Exercise data
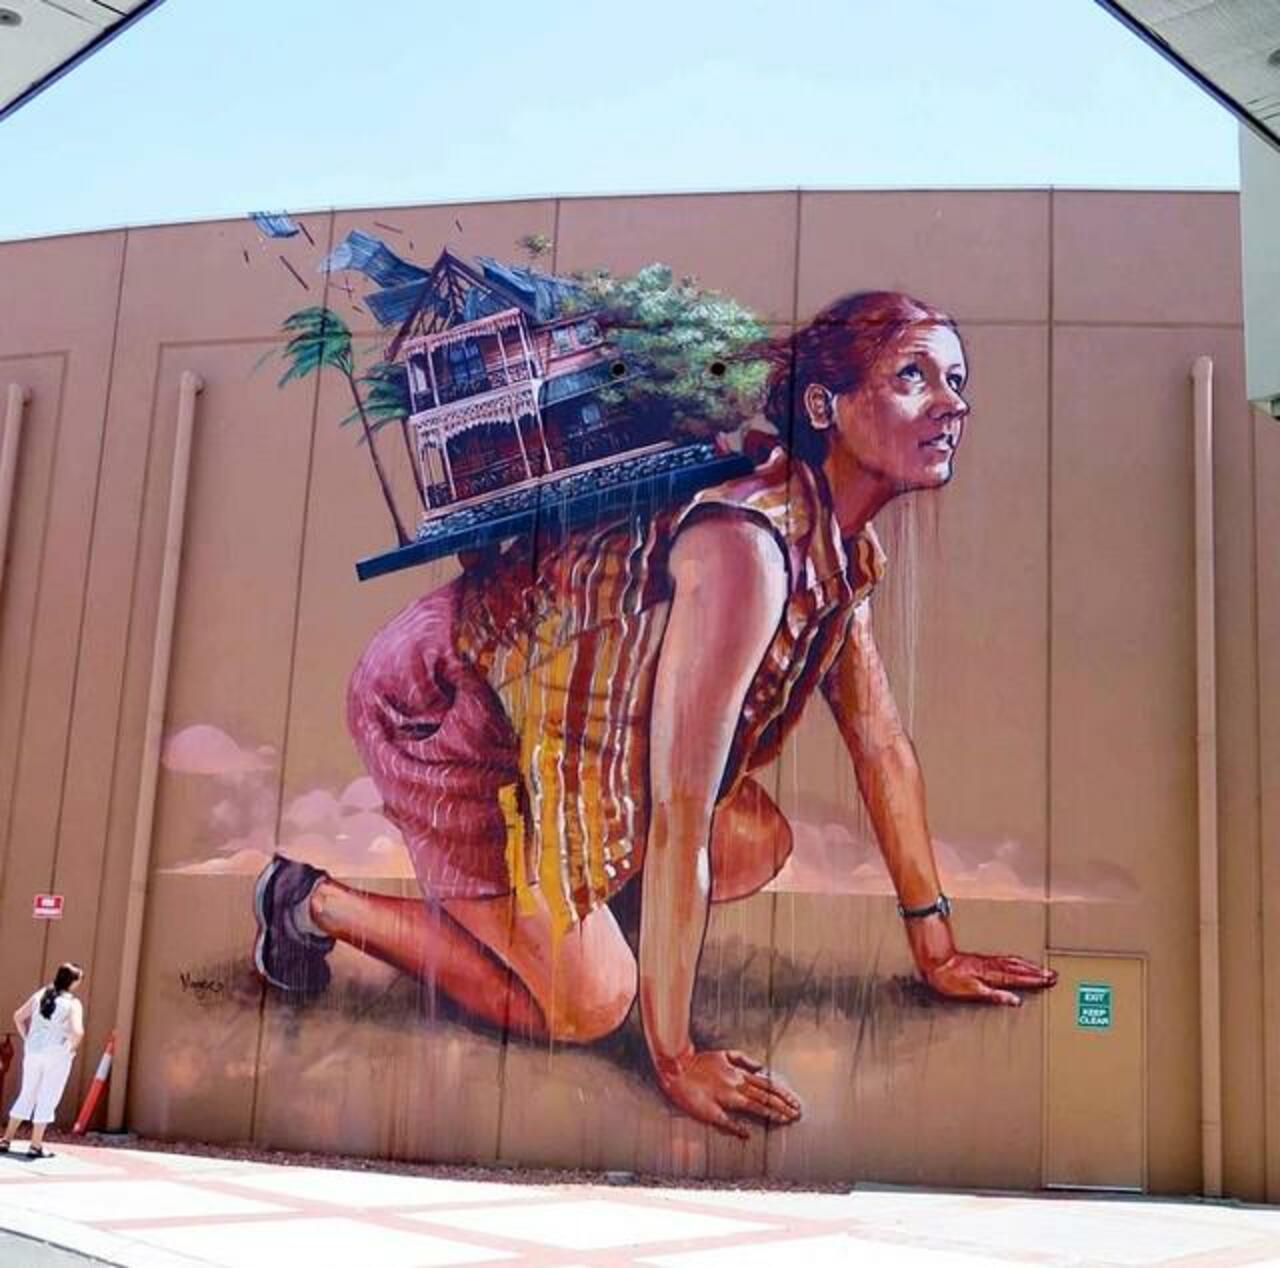 Latest Fintan Magee massive Street Art piece in Bunbury, Western Australia 

#art #graffiti #mural #streetart http://t.co/cwsP8vghum
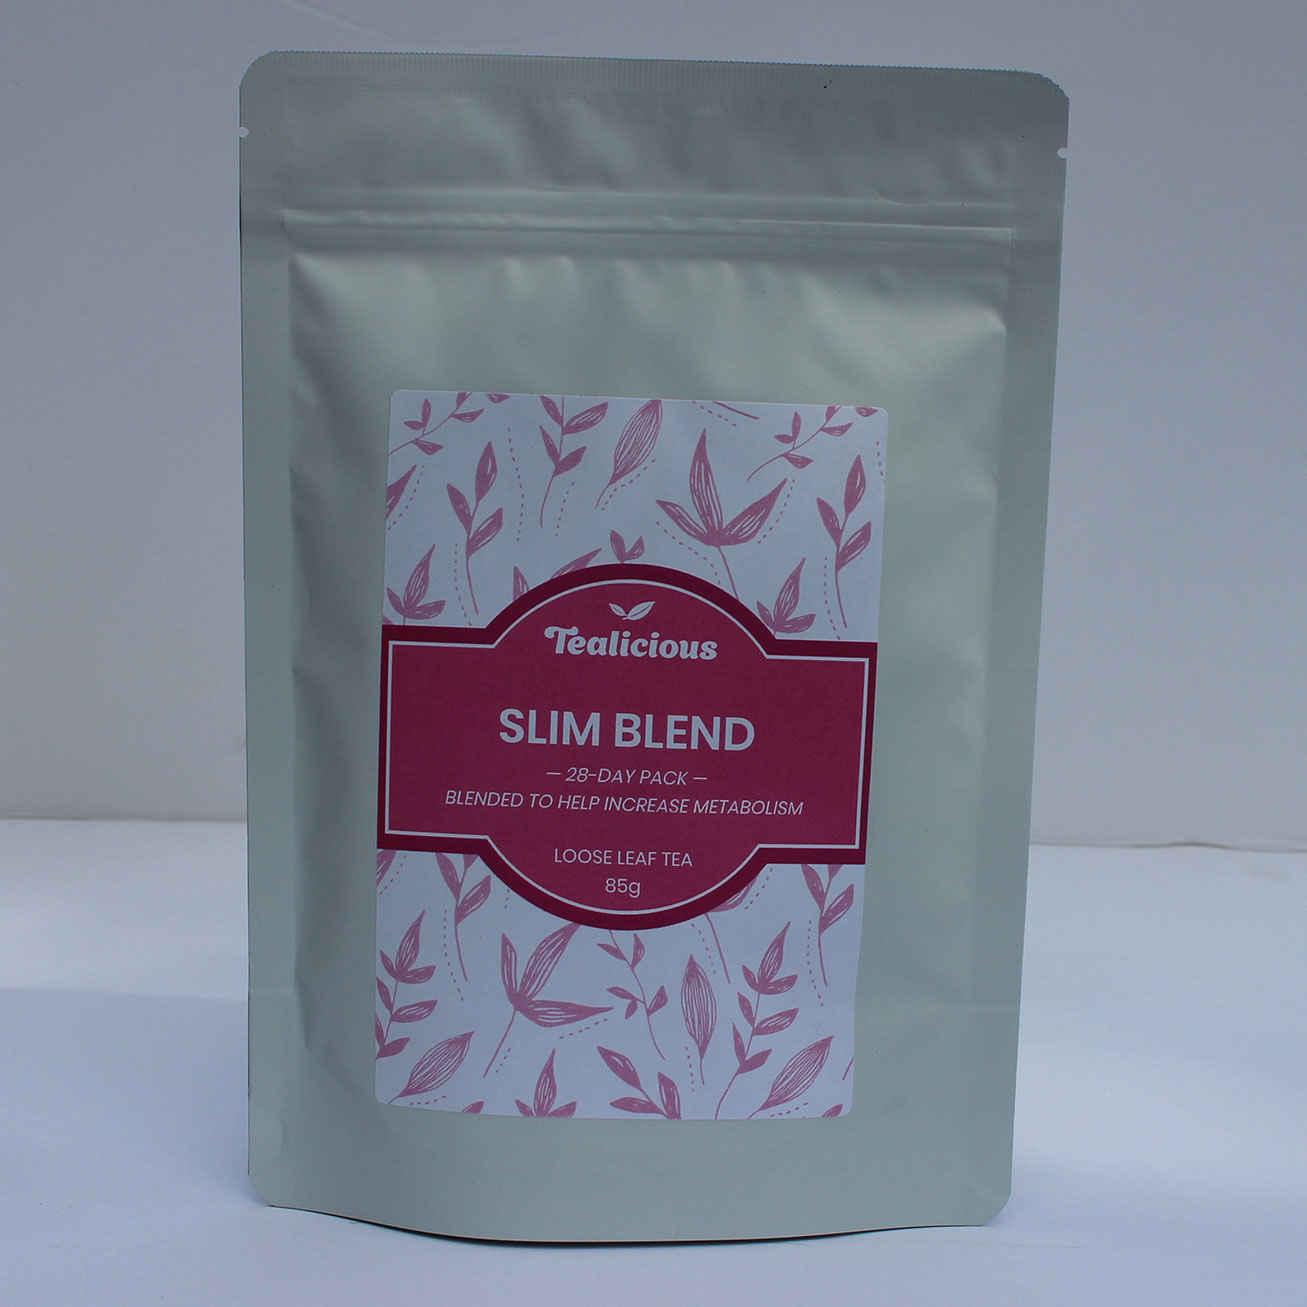 Slim Tea - Herbal Teatox - Blend of 15 Natural Herbs + Botanics – MAHE BLEU

Task prompt
Give back the full data exactly as it reads, but drop the pictures.

Output for this task
 Latest Fintan Magee massive Street Art piece in Bunbury, Western Australia 

#art #graffiti #mural #streetart http://t.co/cwsP8vghum
 Slim Tea - Herbal Teatox - Blend of 15 Natural Herbs + Botanics – MAHE BLEU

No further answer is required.